Task inputs START

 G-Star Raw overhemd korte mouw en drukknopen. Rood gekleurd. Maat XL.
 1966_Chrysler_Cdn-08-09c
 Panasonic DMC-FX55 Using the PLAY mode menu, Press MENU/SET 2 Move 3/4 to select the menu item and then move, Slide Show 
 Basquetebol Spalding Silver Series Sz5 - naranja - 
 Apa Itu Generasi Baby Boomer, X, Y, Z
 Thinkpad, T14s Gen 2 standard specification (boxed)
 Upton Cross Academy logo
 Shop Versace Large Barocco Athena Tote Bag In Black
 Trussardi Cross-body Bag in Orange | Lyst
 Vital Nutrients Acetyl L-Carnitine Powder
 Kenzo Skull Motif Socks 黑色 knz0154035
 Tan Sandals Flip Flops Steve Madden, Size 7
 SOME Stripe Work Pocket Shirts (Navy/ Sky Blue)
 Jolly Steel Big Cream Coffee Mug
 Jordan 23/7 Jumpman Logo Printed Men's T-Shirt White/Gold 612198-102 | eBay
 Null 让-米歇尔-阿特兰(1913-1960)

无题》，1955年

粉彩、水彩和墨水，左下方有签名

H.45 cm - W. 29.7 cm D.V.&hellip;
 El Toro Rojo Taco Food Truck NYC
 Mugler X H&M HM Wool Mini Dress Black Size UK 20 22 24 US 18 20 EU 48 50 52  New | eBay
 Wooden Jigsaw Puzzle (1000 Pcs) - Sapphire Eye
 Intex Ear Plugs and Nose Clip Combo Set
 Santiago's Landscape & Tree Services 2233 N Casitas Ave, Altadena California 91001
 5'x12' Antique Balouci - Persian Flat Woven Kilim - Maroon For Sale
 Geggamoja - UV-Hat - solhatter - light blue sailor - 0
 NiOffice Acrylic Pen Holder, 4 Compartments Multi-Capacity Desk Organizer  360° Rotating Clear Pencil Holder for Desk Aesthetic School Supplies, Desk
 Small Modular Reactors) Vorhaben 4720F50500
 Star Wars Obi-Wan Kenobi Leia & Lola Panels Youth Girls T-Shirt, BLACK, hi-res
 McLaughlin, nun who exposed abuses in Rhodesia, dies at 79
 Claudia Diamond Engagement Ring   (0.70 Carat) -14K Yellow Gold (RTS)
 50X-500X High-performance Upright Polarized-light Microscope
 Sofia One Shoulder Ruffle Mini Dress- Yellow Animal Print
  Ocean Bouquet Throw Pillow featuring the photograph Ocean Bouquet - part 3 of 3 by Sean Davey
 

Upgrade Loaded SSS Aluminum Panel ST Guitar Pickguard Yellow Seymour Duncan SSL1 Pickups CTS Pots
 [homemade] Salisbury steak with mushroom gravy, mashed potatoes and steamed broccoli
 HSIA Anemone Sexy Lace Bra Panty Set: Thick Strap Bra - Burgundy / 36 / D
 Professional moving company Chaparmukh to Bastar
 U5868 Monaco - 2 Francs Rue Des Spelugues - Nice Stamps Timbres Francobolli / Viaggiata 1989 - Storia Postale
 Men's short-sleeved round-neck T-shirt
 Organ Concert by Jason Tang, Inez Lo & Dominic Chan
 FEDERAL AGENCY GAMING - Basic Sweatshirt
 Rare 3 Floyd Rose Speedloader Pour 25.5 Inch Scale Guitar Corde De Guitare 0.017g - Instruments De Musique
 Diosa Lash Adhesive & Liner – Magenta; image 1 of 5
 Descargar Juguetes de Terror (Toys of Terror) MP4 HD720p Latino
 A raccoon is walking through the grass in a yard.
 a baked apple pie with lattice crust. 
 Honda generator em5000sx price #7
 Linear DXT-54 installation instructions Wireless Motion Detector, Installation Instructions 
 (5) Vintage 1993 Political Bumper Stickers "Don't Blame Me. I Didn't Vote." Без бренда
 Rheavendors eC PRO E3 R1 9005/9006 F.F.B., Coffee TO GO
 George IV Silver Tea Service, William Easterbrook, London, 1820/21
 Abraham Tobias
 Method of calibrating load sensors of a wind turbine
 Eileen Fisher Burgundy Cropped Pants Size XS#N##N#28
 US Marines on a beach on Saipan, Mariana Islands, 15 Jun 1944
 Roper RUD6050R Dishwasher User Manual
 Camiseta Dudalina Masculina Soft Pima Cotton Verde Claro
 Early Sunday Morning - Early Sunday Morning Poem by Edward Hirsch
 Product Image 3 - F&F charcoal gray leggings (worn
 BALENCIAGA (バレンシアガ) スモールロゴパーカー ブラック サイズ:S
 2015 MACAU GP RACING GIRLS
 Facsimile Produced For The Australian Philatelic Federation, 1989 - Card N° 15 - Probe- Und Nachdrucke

Task inputs END

## Try it
Show the lines above with "Gold".

## Answer section
 Jordan 23/7 Jumpman Logo Printed Men's T-Shirt White/Gold 612198-102 | eBay
 Claudia Diamond Engagement Ring   (0.70 Carat) -14K Yellow Gold (RTS)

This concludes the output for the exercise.